The 5-30 seconds rule for charts and dashboards
Design visualisations that will make your life easier and more productive by not making you think.
The 5-30 seconds rule is something I aspire to every time I'm designing a chart or a dashboard. It goes like this:
A visualisation should allow you to:
One, understand if things are on track in less than 5 seconds.
And two, find out where they're not within the next 30 seconds.
Who wouldn't appreciate visualisations like that? If "Don't make me think" is a good general design principle, visualisations should adhere to it as well. Imagine how easy it would be to stay on top of things if our charts and dashboards followed this rule. It looks simple, right? But that simplicity can actually be quite demanding.
Let's illustrate this with an example. At a previous company, we had the following commitment:
"All services belonging to your team should meet a 99.9% availability or more."
Engineering Managers were accountable for meeting this score. To reinforce the commitment, we focused on making it straightforward to visualise on their team dashboards. Each team had a Looker dashboard where they could track certain goals and KPIs. These dashboards were limited in space, meaning that showing one chart per service would be impractical.
Averaging availability for all services in one single chart wouldn't work either. If your team managed ten different services and one of them was severely impacted, the average could still be above the success threshold, effectively hiding crucial information. This would violate the 5-second part of the rule.
But what if, instead of averaging availability, we displayed a stacked area chart showing the count of services that comply with the target score? If we used green to indicate the number of services that comply, and red for those that don't, it would be straightforward to see if we are on track. This would satisfy the 5-second part of the rule.
That was easy, right? But what about the 30-second rule? This is where things get interesting and creative. There are several valid solutions, such as listing the failing services when you hover over the markers in the chart. But one of my favourites is:
By displaying a heat-map of the availability score of each service over a period of time, it becomes straghtforward to see which services are performing well and which aren't, as well as when.
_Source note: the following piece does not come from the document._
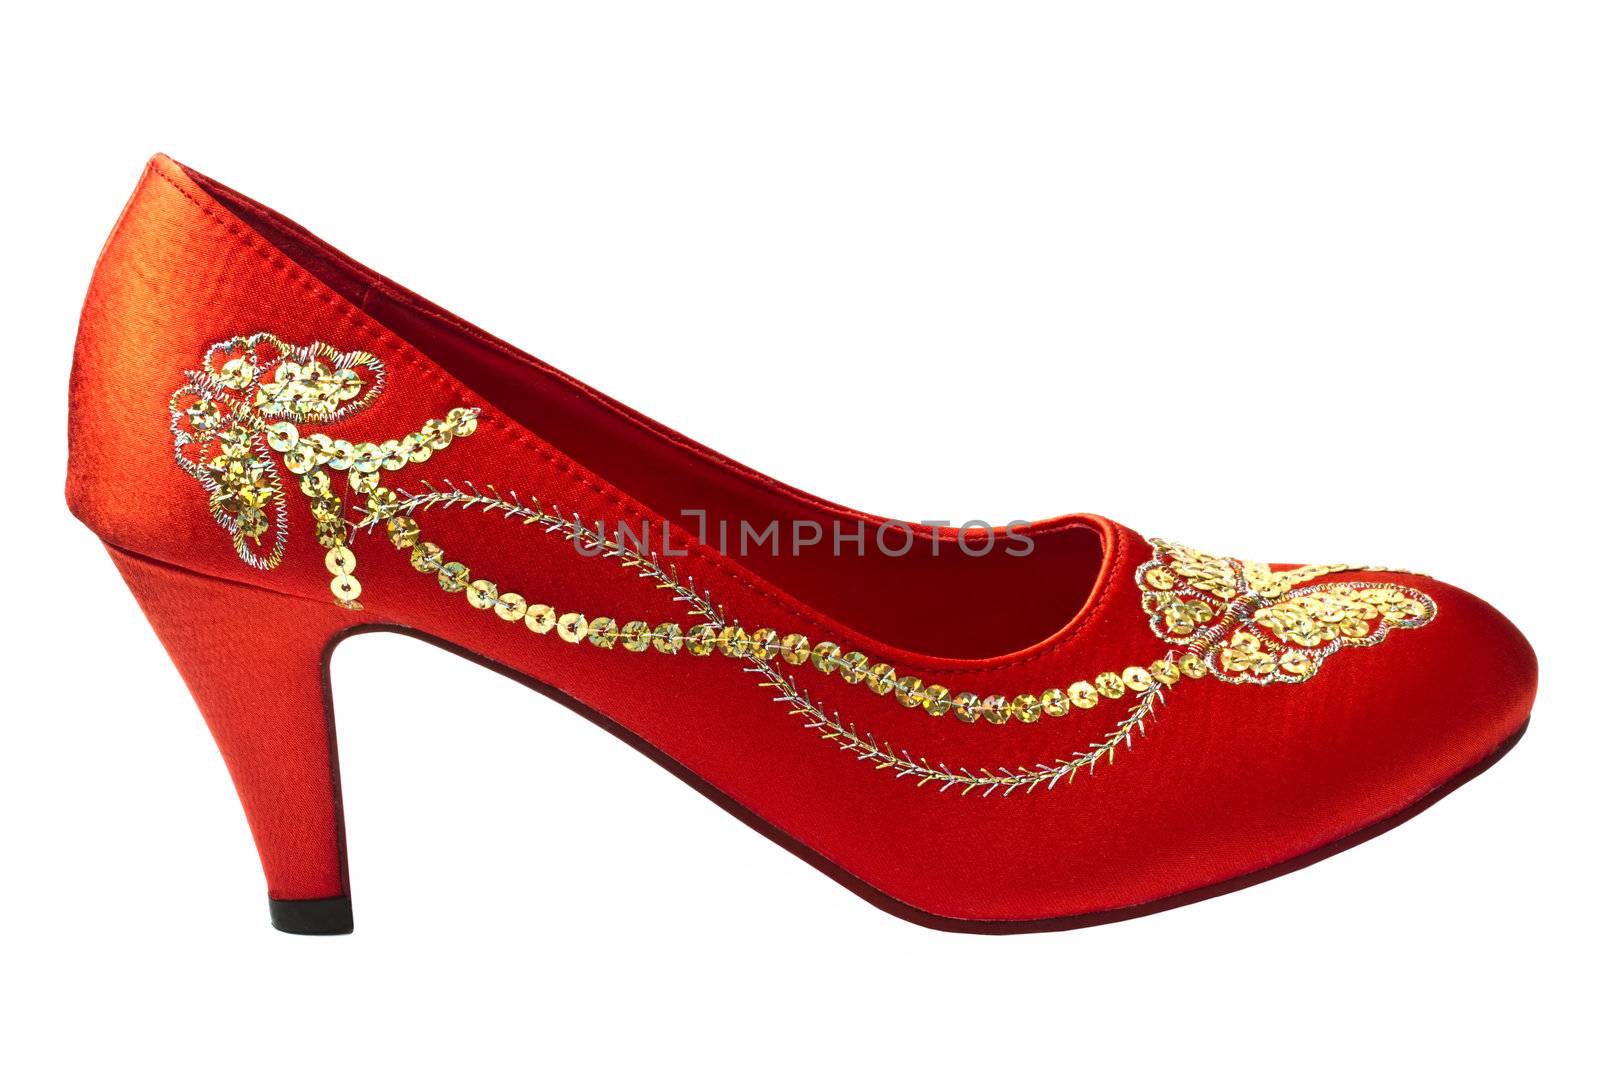 Embroidered red shoes by ibphoto

By showing compliant services with a shade of lime while non-compliant in red, it is now evident how Service A was acting up a few weeks ago, while Service B requires attention.
You could even take it further and link each cell to the specific view for that service for that period within your monitoring tool, making further investigation smooth and painless.
This indeed requires time and effort. But with the power of tools like JupyterLab and ChatGPT it's becoming easier and faster. Each of the charts above took less than 50 lines of code to write and something about 20 minutes each. You can find them in this repository.
As you can see, the 5-30 seconds rule can act as a catalyst for better visualisations—visualisations that make our lives easier and more productive.